- [YOUR ASSIGNMENT]:
Quote word for word from the line holding "The Proven Goods website" to the last line below, including both, and omit any pictures.

----- PROVIDED DATA -----

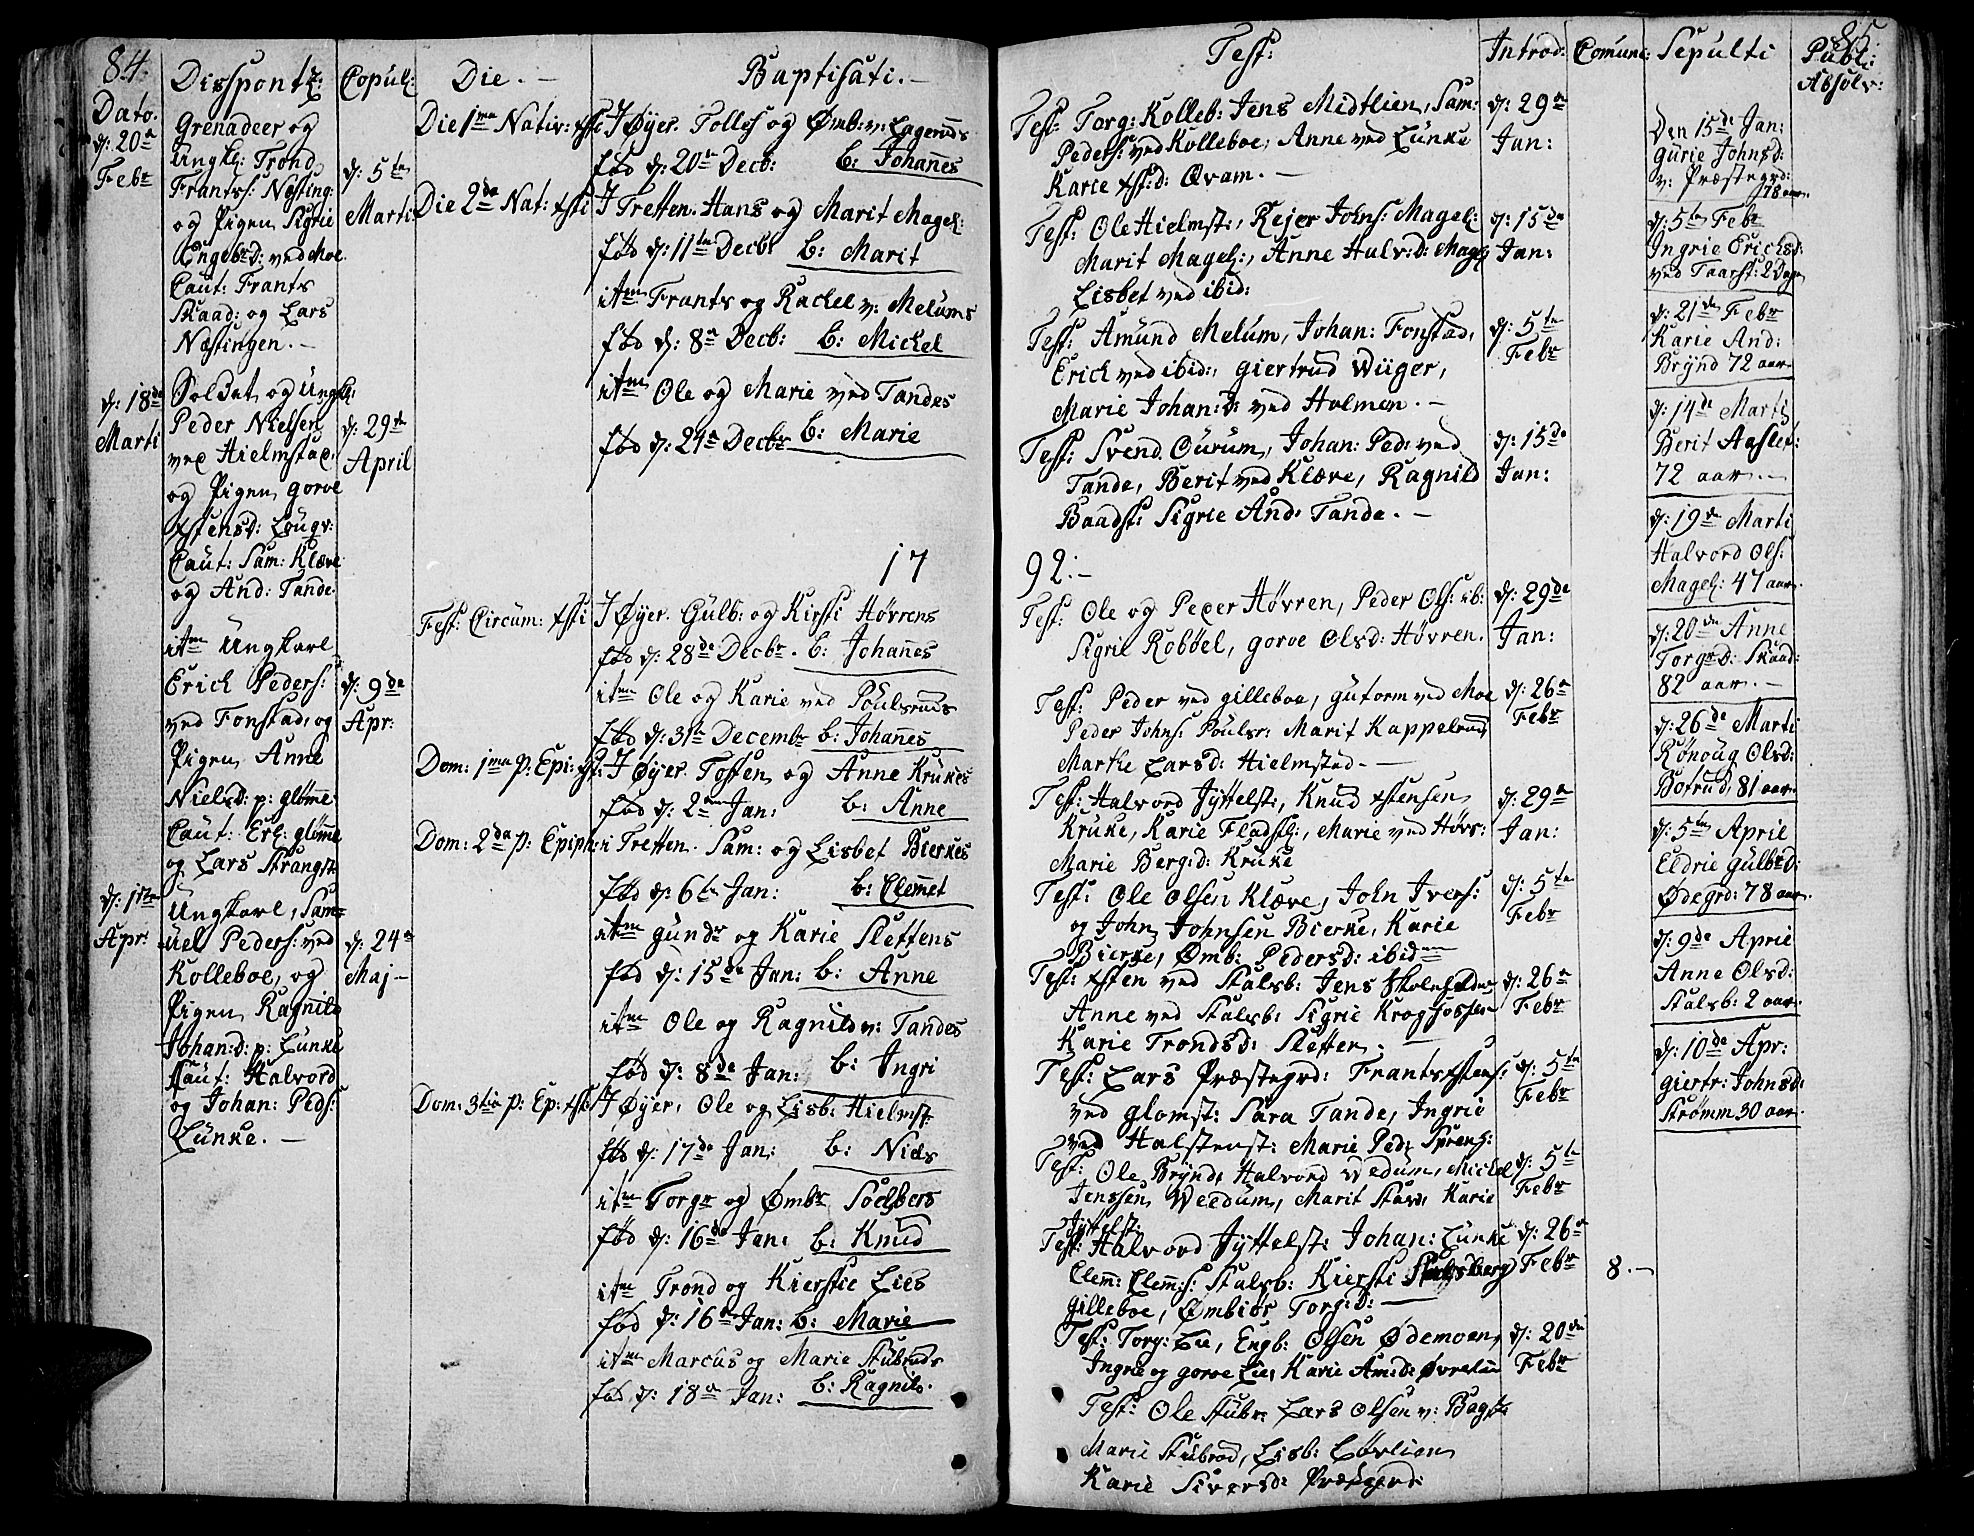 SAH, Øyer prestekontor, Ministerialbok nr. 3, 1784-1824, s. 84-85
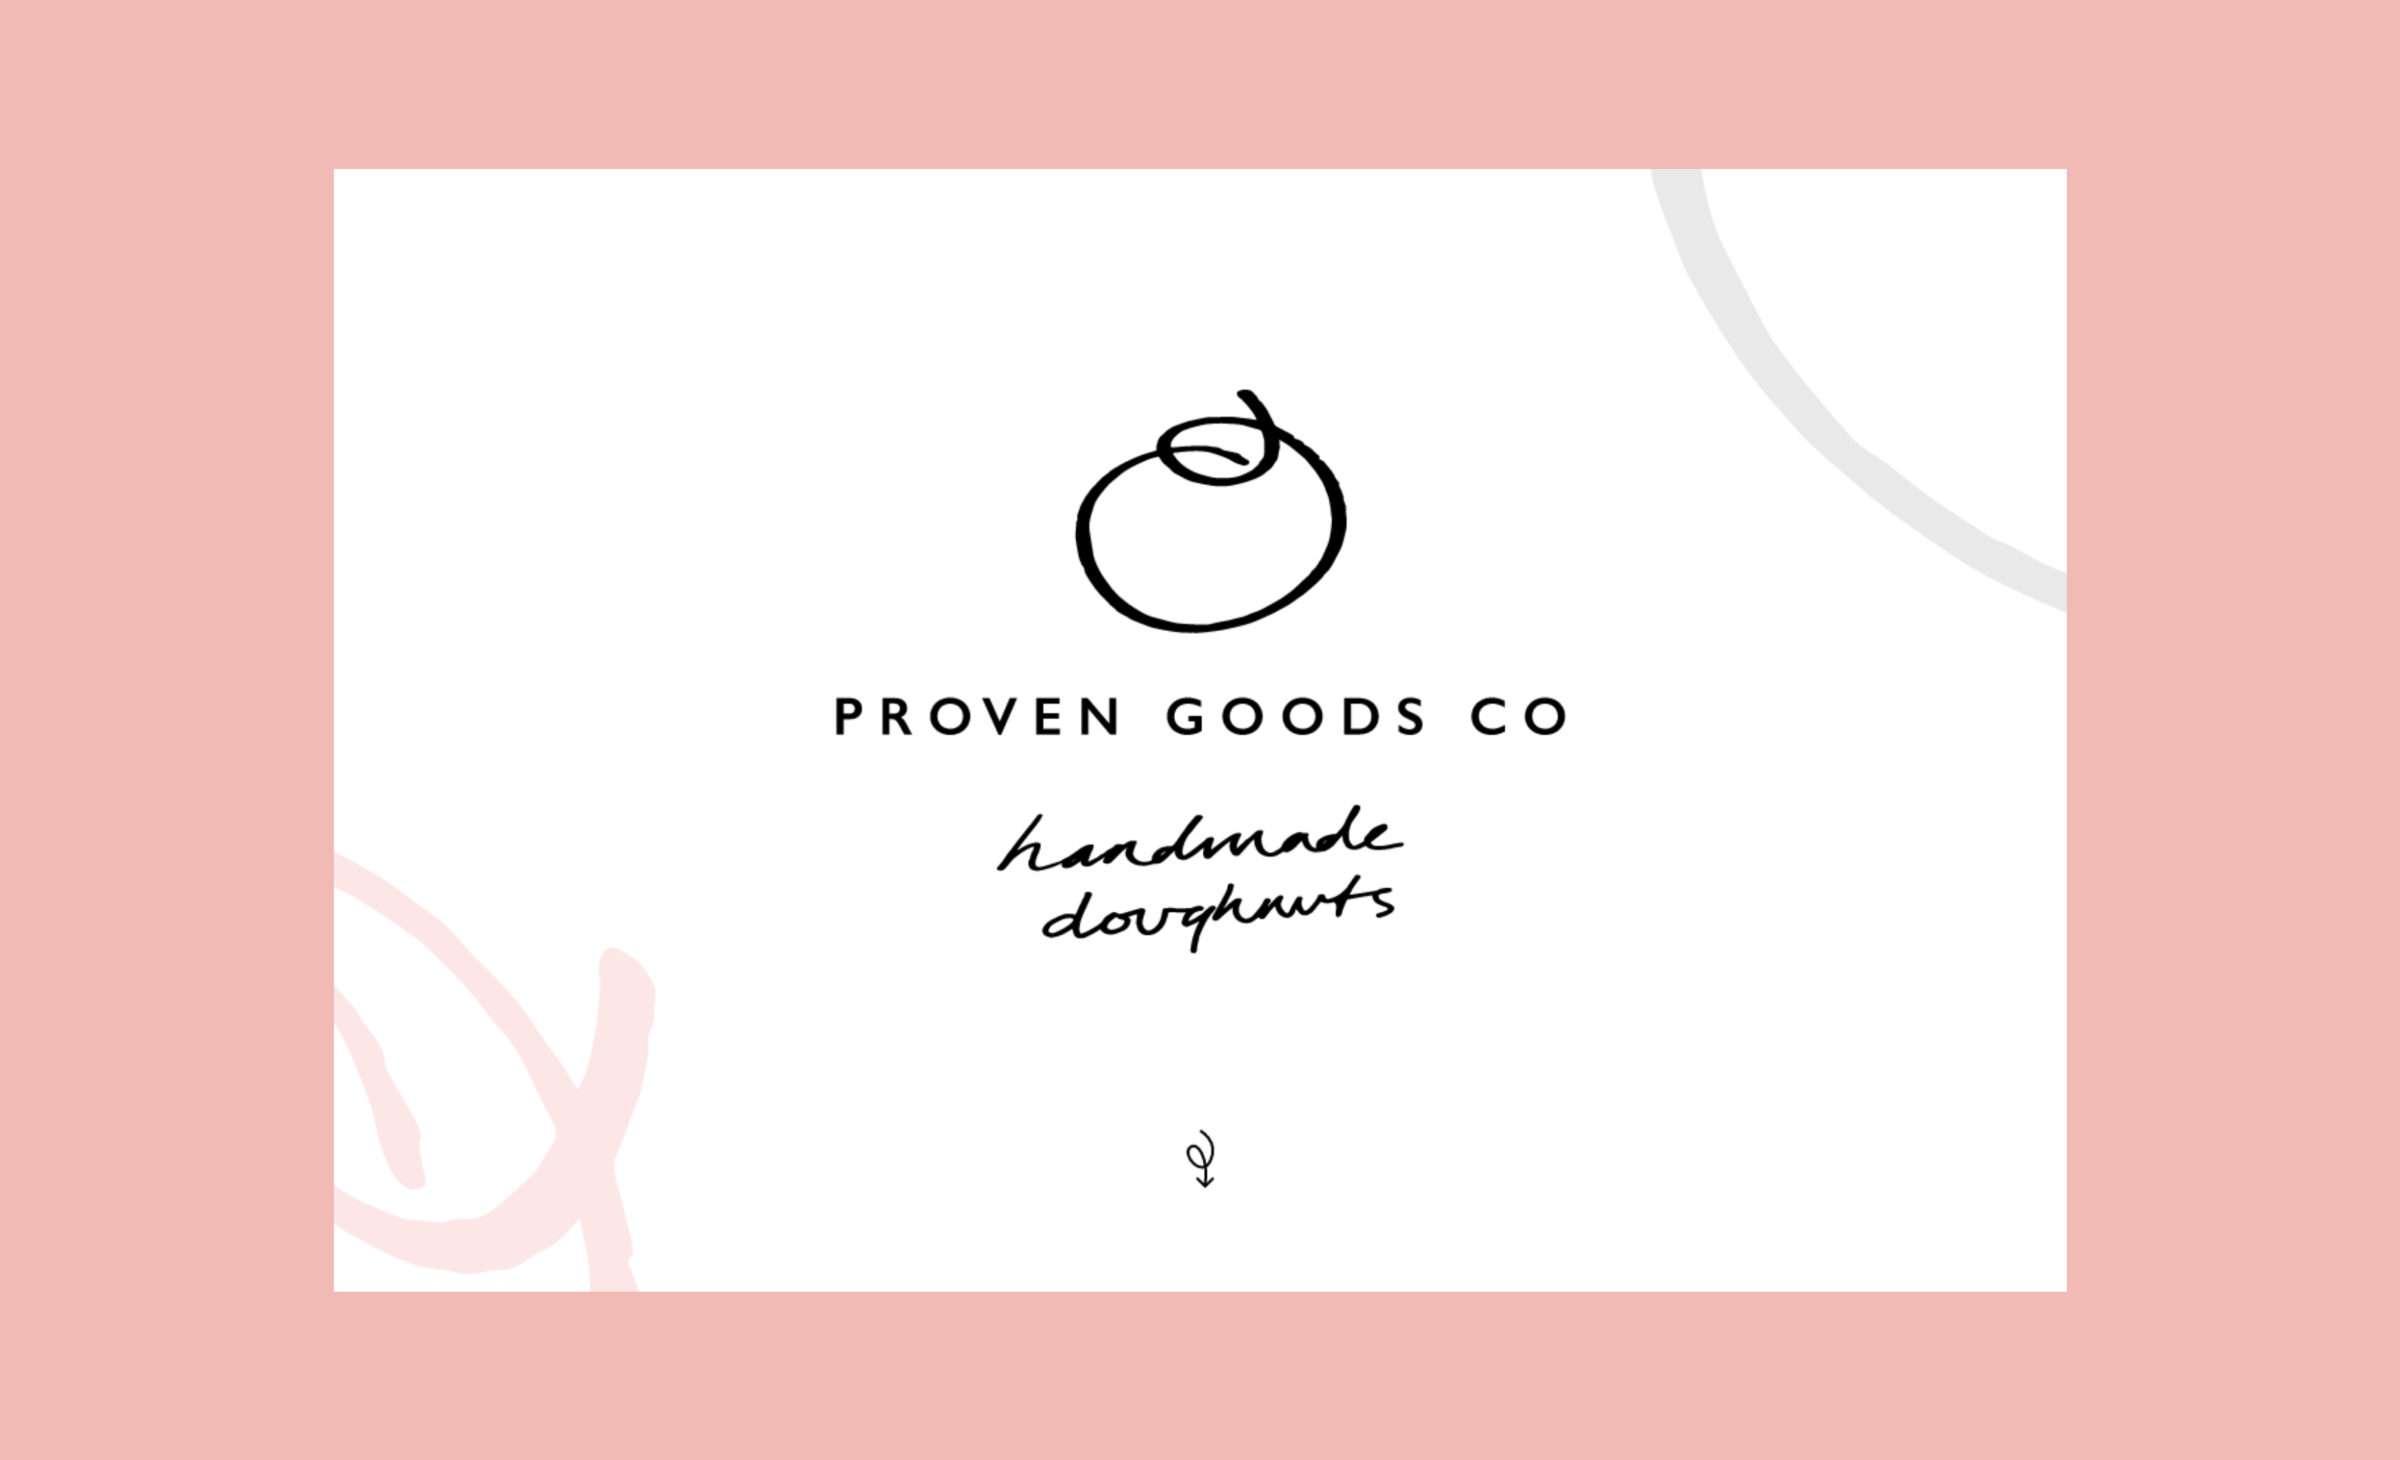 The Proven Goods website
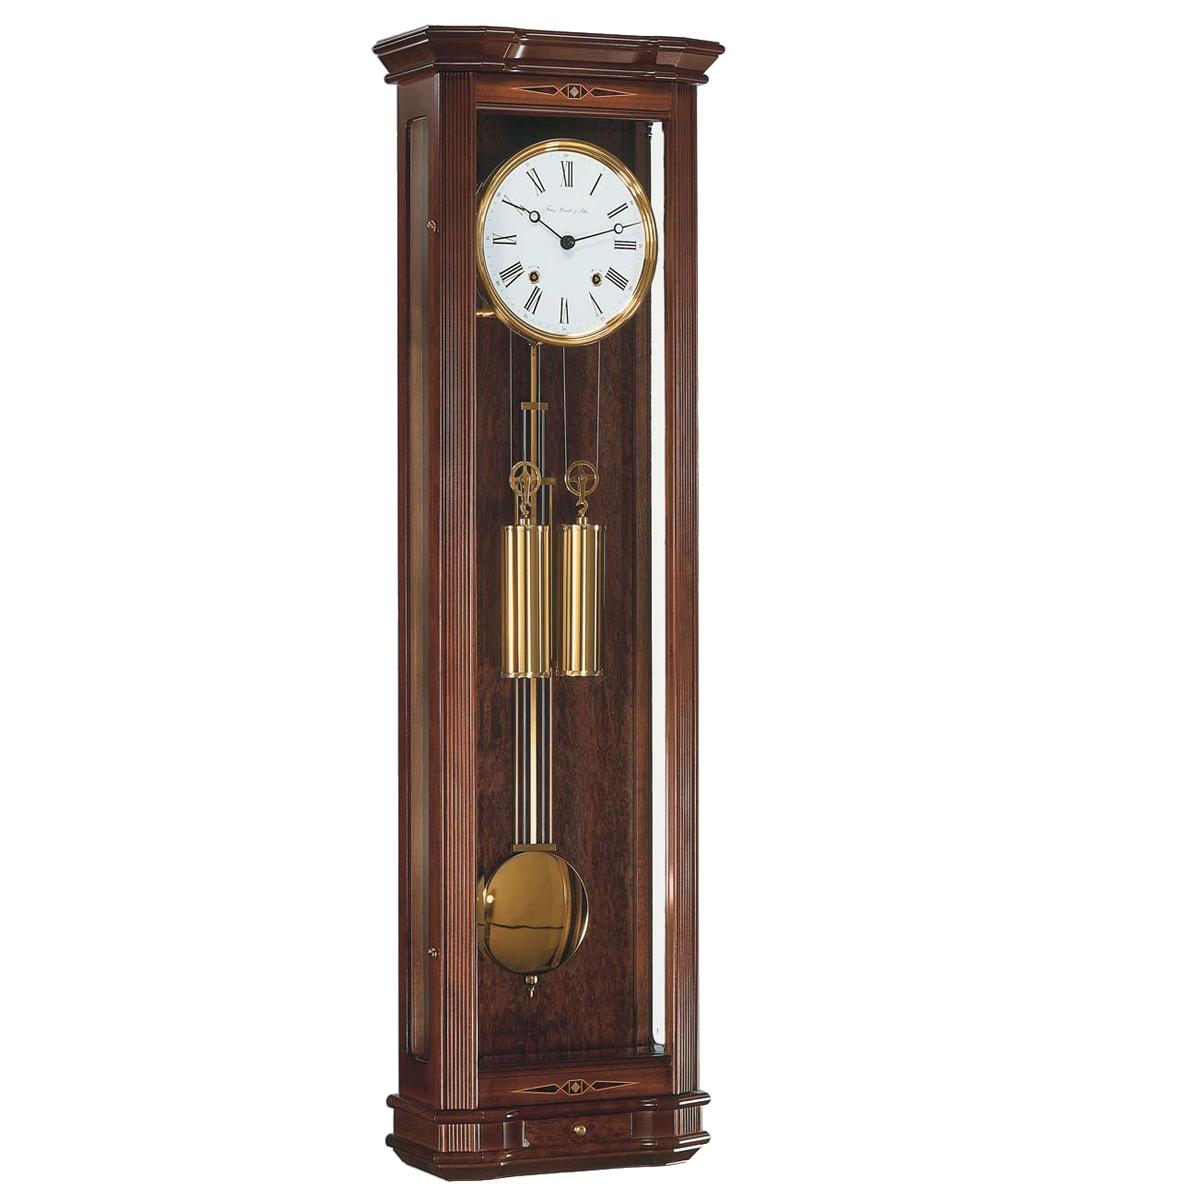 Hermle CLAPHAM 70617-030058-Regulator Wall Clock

-----

- [SOLVED PROBLEM]:
 The Proven Goods website
 Hermle CLAPHAM 70617-030058-Regulator Wall Clock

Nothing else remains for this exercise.